┌──

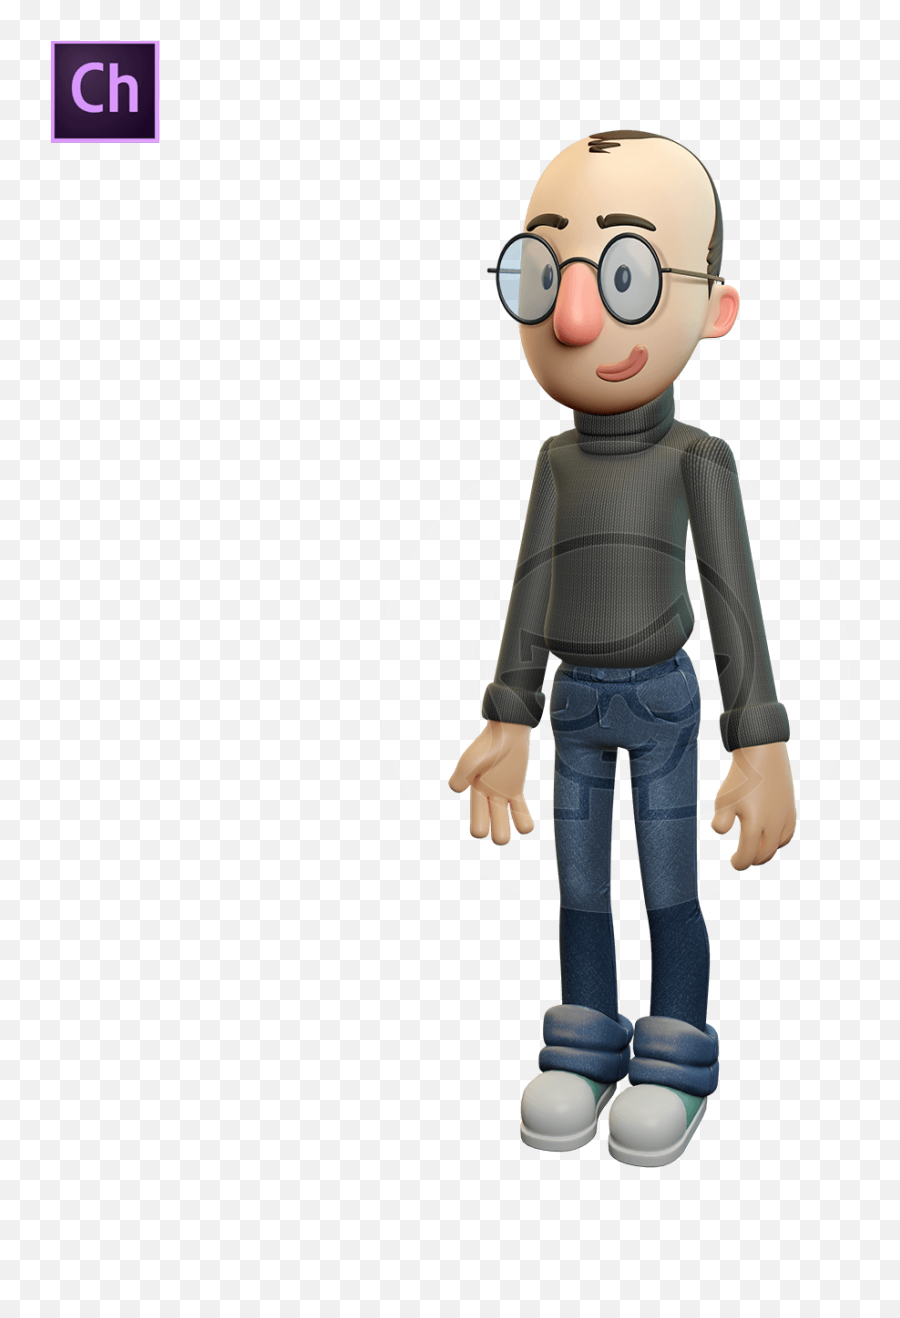 3d Man With Glasses Adobe Character Animator Puppet Graphicmama Emoji,Happy Emotion Poses Character 3d
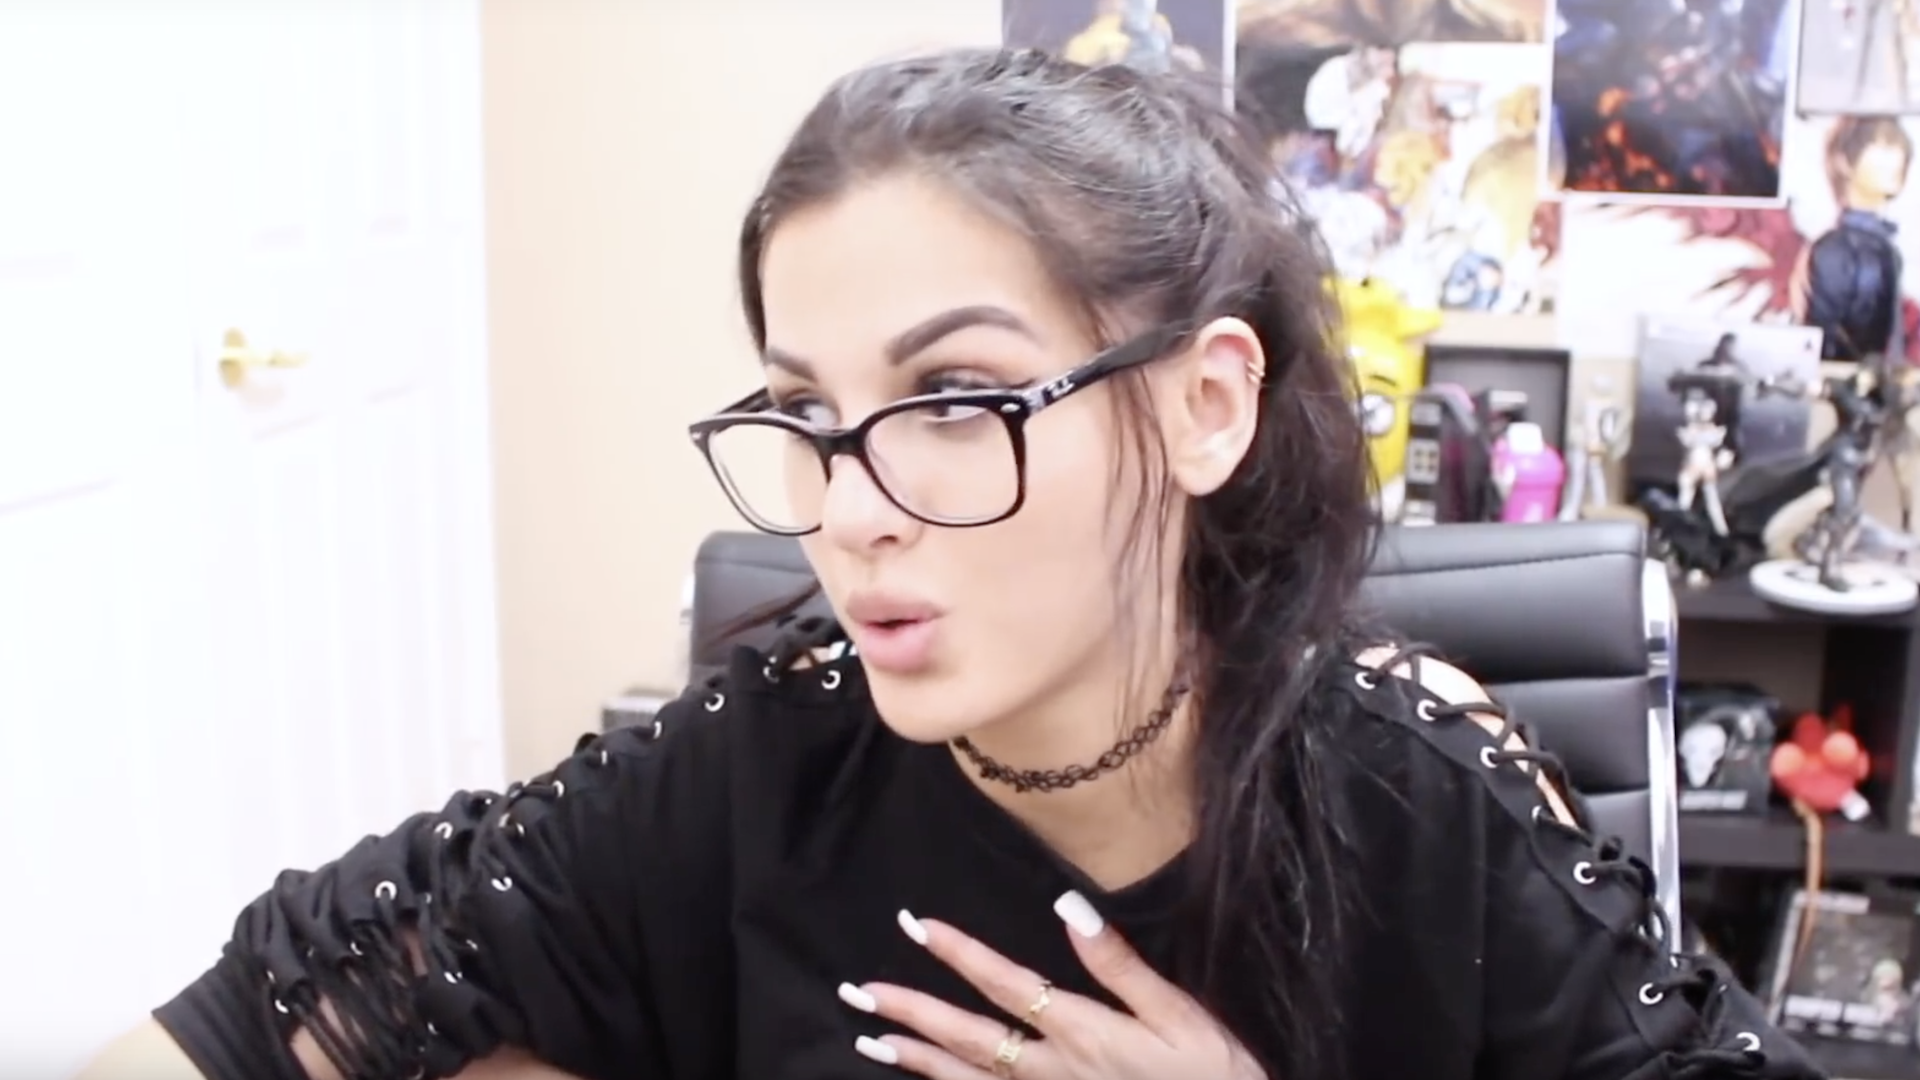 SSSniperwolf on her YouTube channel
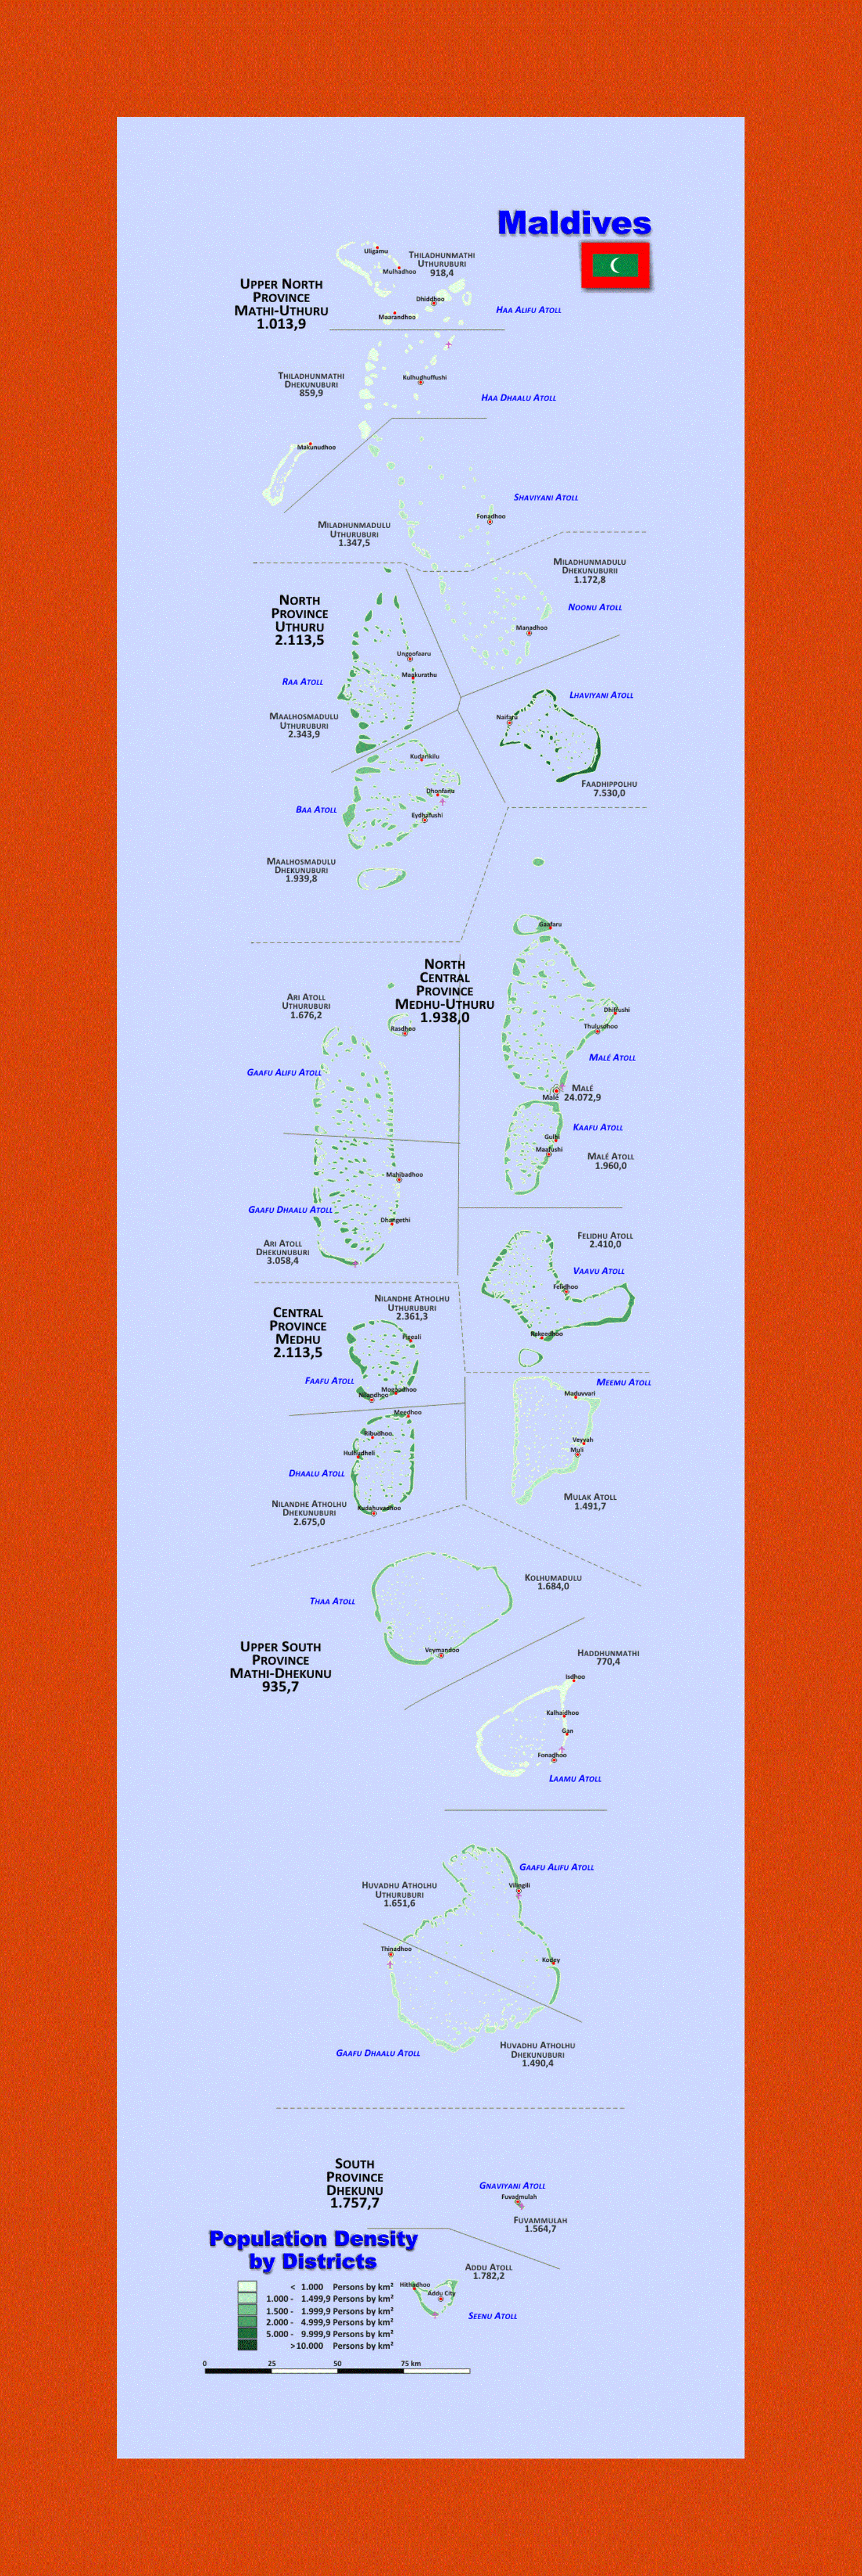 Population density by districts map of Maldives

└──

Directions for this task: Set down nothing but the lines from the one containing "SSSniperwolf on her YouTube channel" to the final line above, both included, with every picture left out.

Solution:
 SSSniperwolf on her YouTube channel
 Population density by districts map of Maldives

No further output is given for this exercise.